Your task – Starting at the line that holds "Xanthoparmelia protomatrae 10km", restate every line word for word up to and including the last one in the listing below, and omit all pictures.

Supplied data –
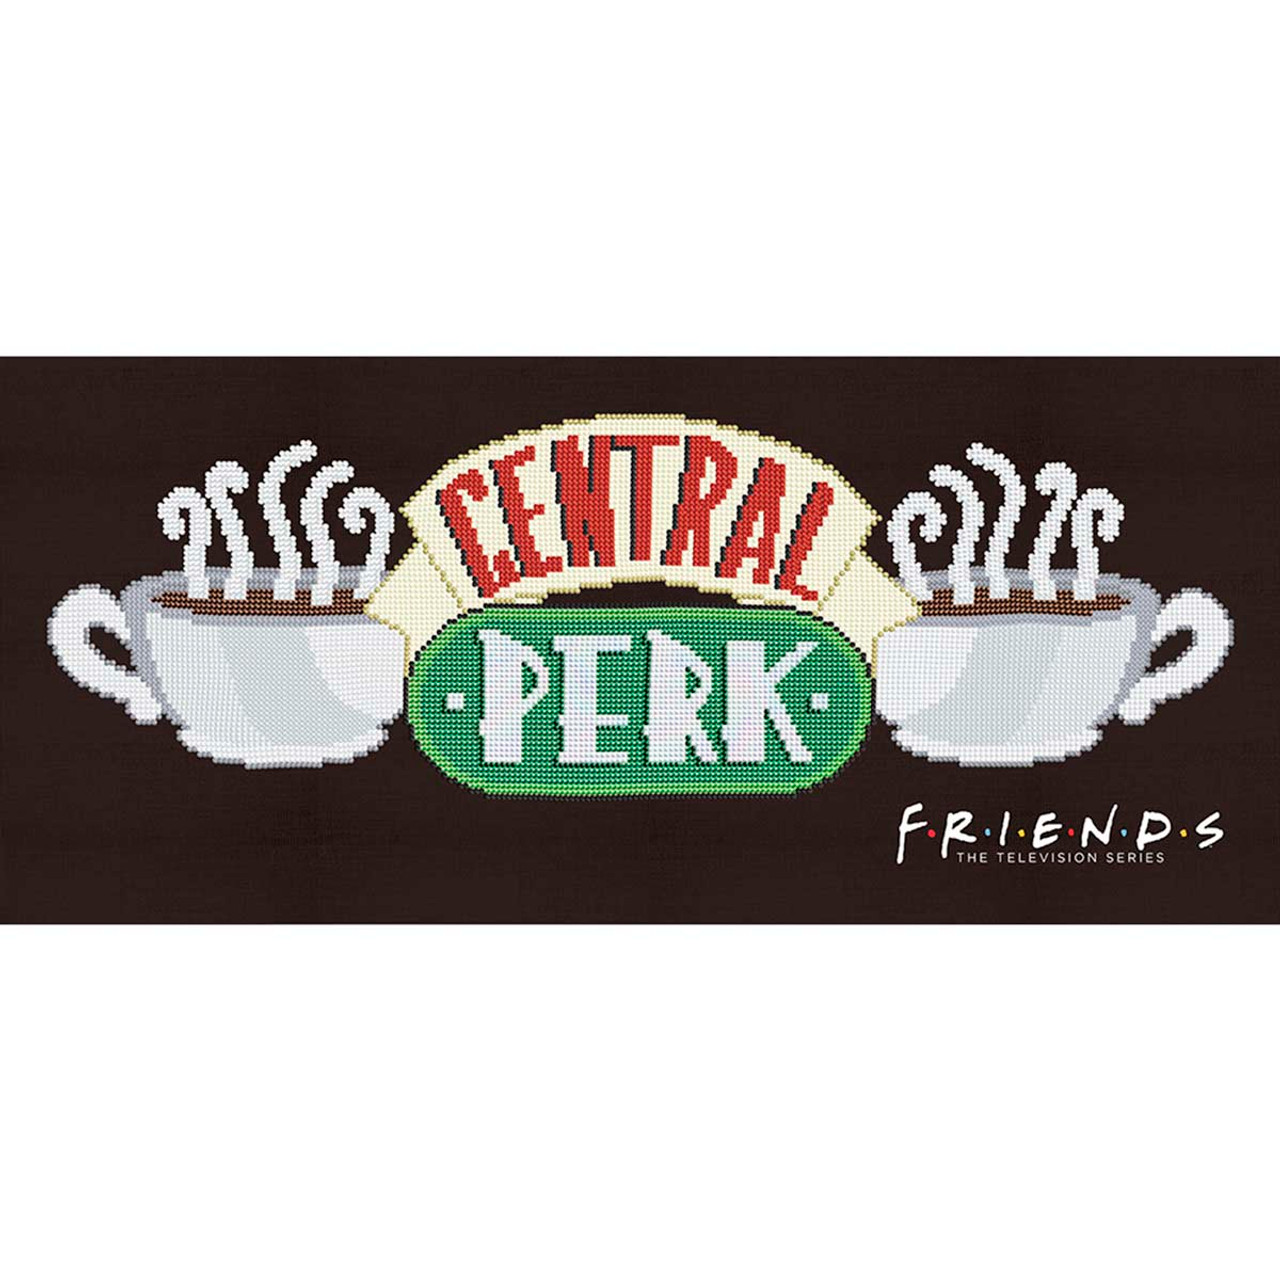 Central Perk, Central Perk Set, Friends Photo Mural, Friends TV
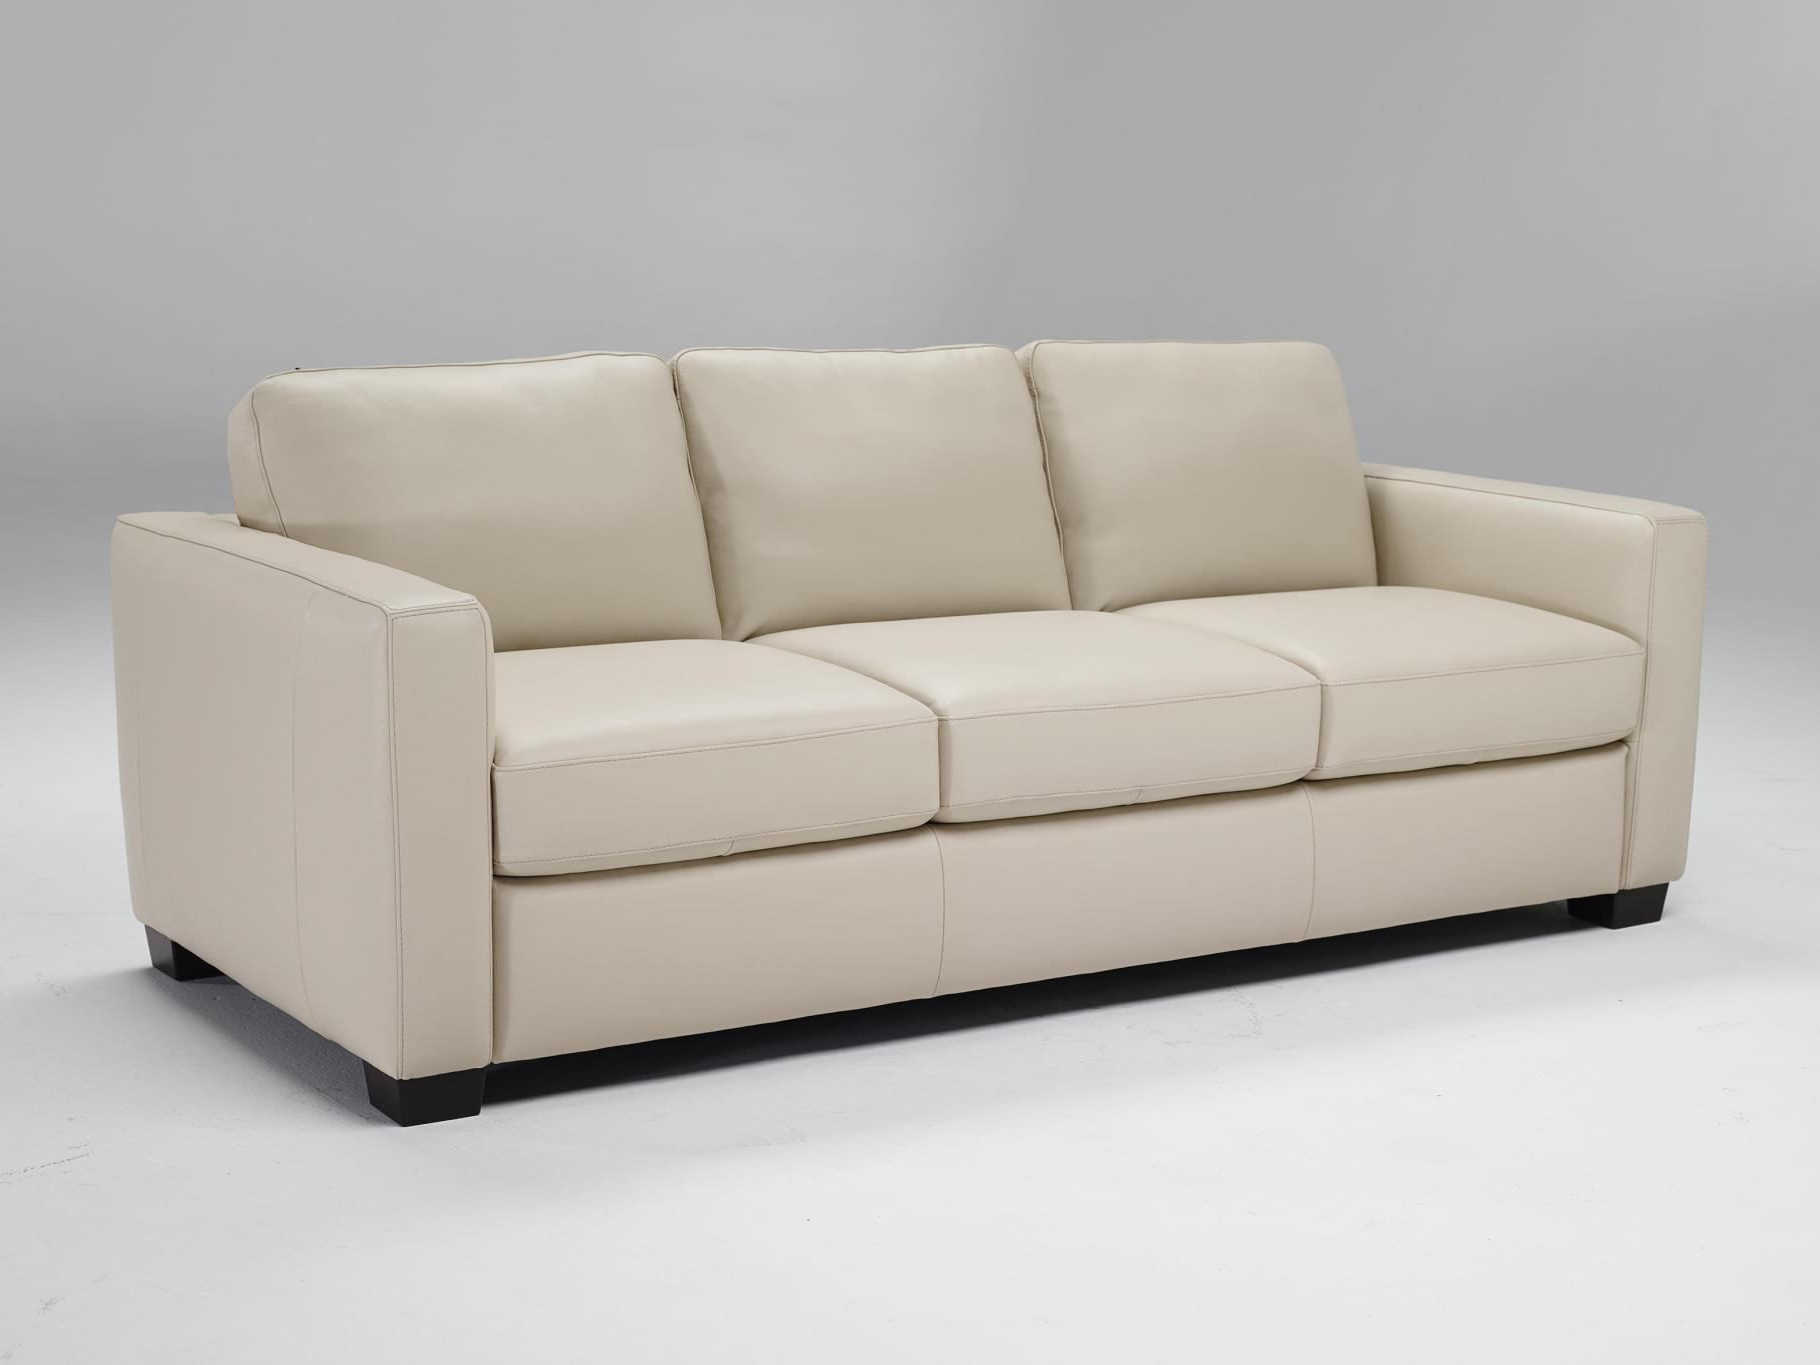 natuzzi leather sofa cushion replacement
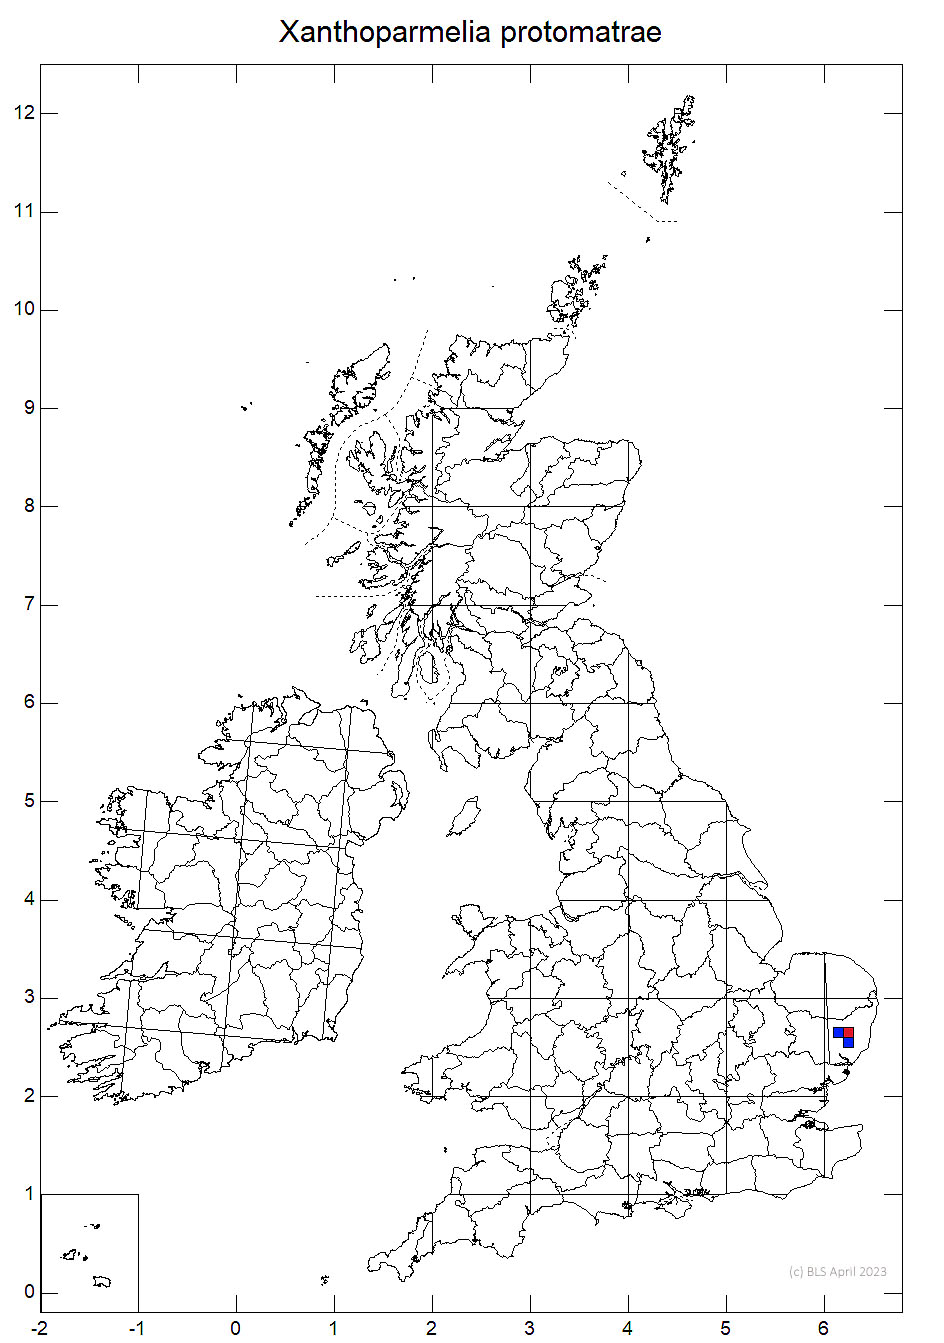 Xanthoparmelia protomatrae 10km sq distribution map
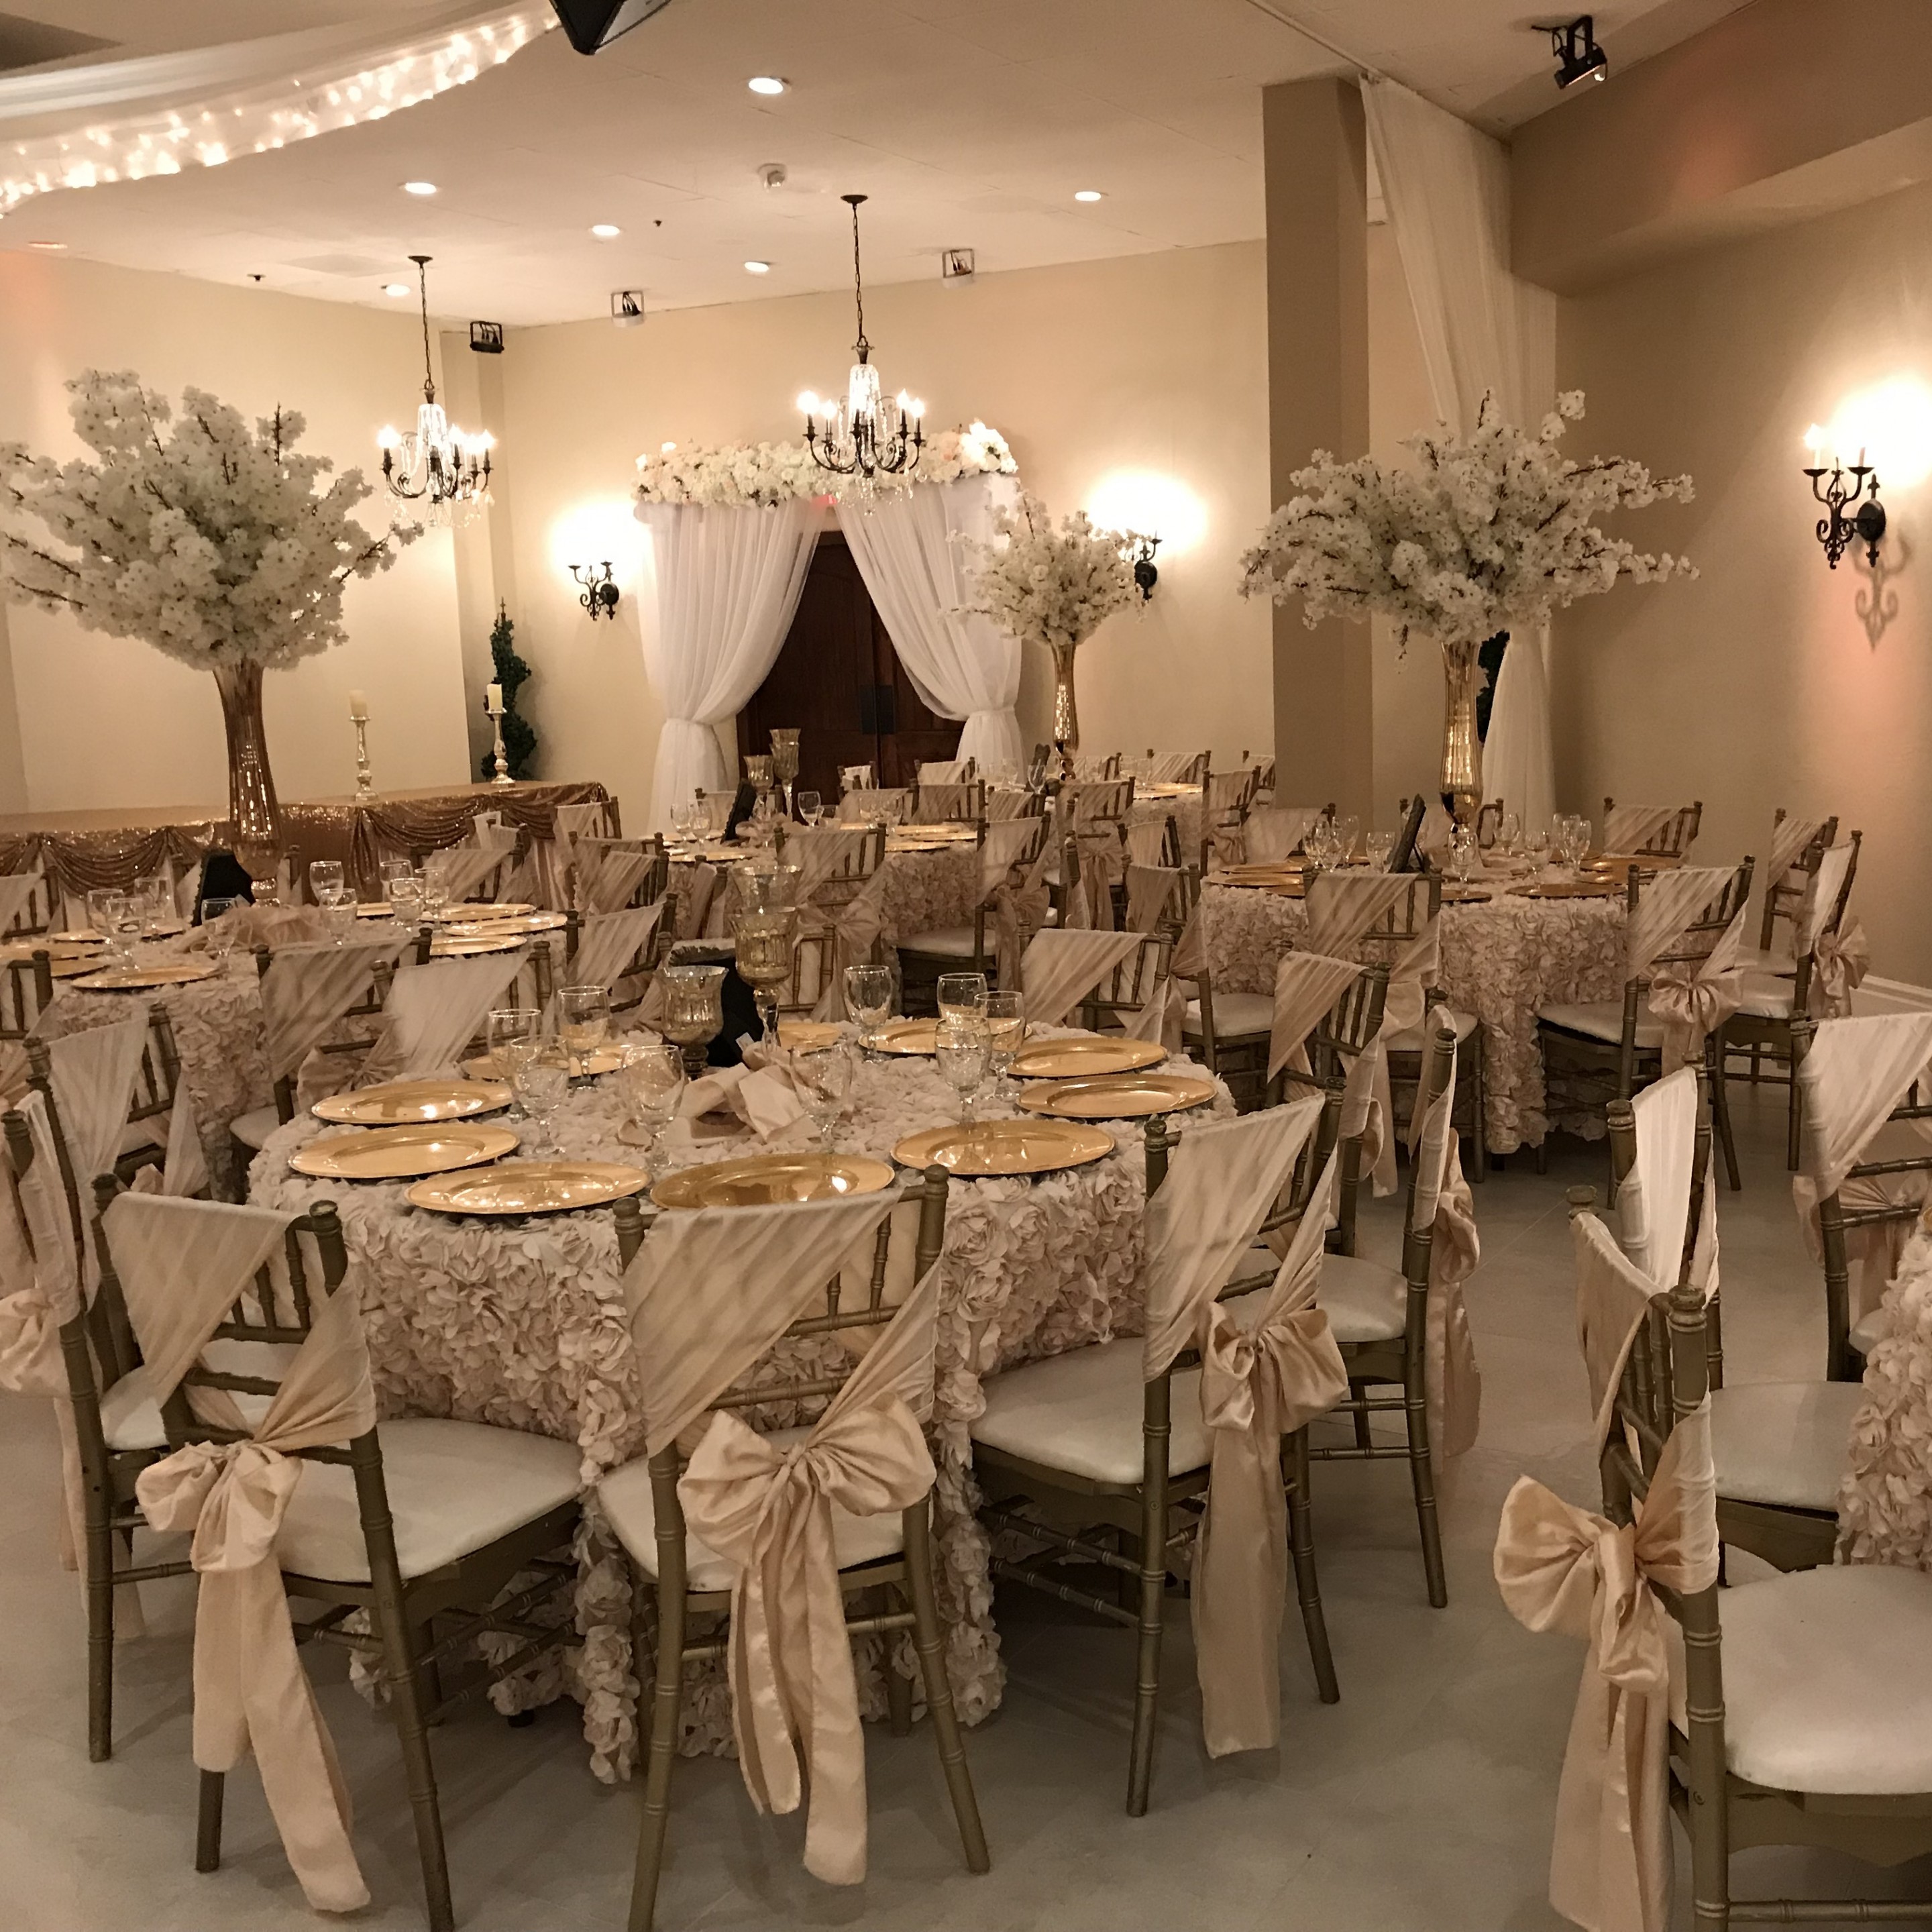 Villa Tuscana Reception Hall event showing wedding reception table decor

Answer for the task –
 Xanthoparmelia protomatrae 10km sq distribution map
 Villa Tuscana Reception Hall event showing wedding reception table decor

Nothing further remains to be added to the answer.